The Loneliness Project

the disease By megan Grace

The heavens pour and shatter

Cold, biting and glacial.

Minute droplets that batter:

They are tears from the angels.



Encircling me is beatitude:

Fresh apples on the tree,

But here I am alone,

Like I am thrown under the sea.



Discarded are the blissful childhood retrospectives.

Replaced with those of affliction and anxiety.

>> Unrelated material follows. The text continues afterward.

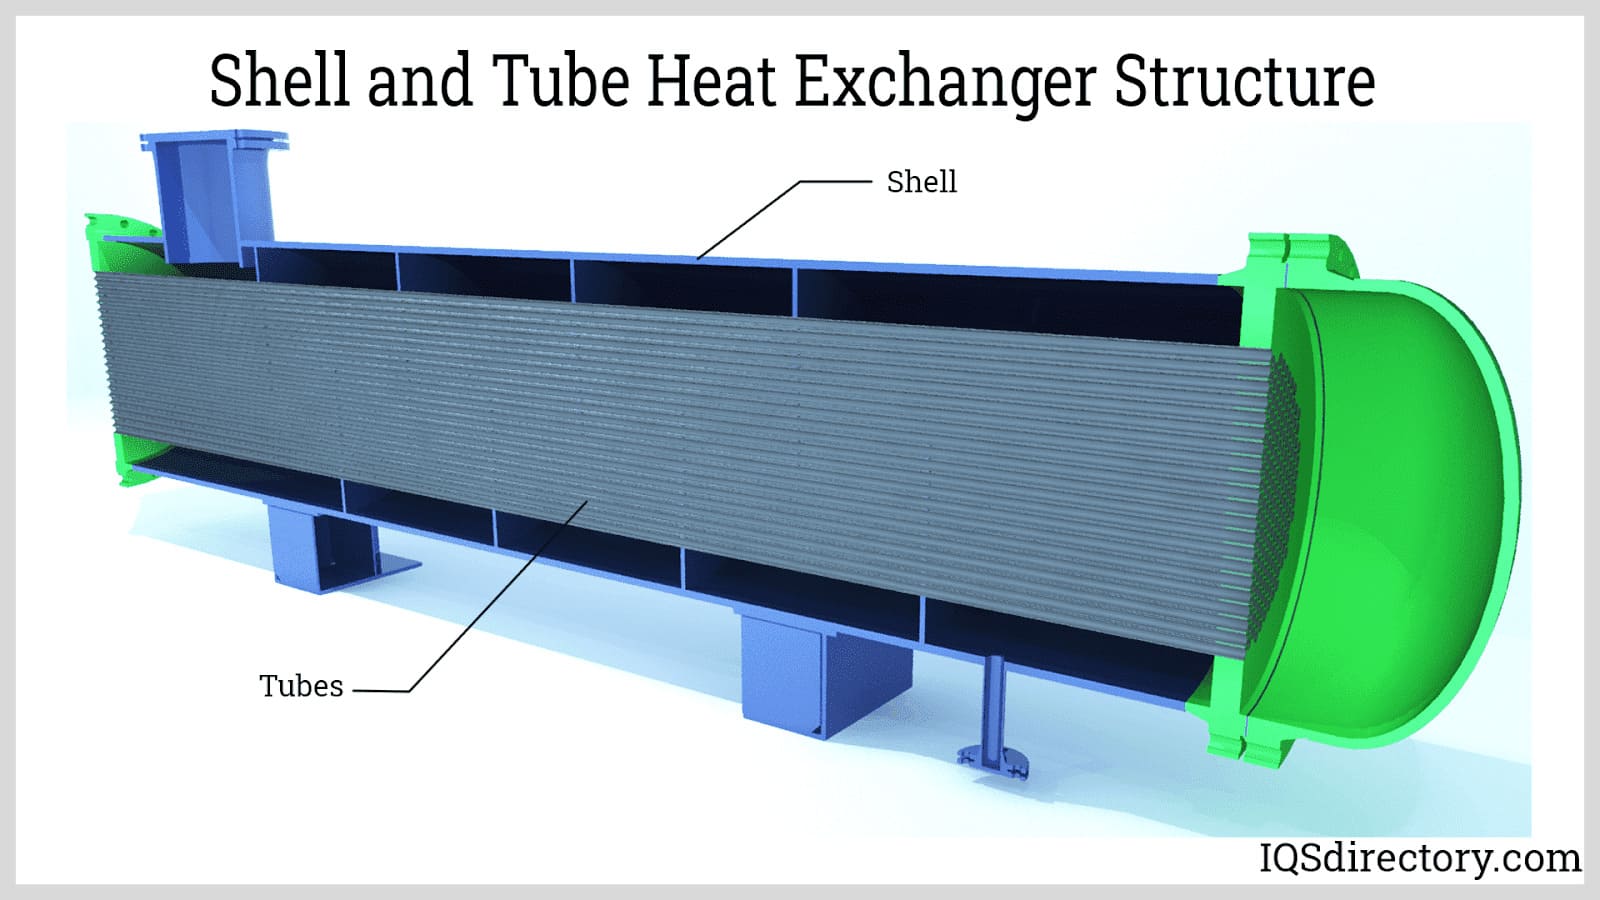 Shell and Tube Heat Exchanger Structure

Overcome with red self-laceration

From the blade of today’s society.



The monsters residing in my head:

Parasites controlling my deepest mind;

Dominant Dictators in a war,

Deaf, dying and blind.



This falling liquid, seen as bothersome,

But for the isolated one;

It is a pathetic excuse to be touched,

When no other affection is witnessed or done.



Lonesome I stand,

Thinking about the past:

Nostalgia, prosperity,

This perception doesn’t last.

The deluge washes away my optimism,

Realization transpires.

Alienation my only purpose,

My heartache, a raging fire.



I plunge into my pocket

And uncover the lustrous blade.

I pierce my ghostly flesh

But this time, the agony stays.



Existing is exhausting,

Slumber is no longer an escape,

The temptation to slaughter

Overcomes like a grim’s melanoid cape.



I cannot exist without accompany,

I slide it along my throat.

The ruby falls like a tap:

On the screams of strangers, I choke.



This disease is too strong.

My imitated smile, erroneous:

The end of mankind,

Will be this disease called loneliness.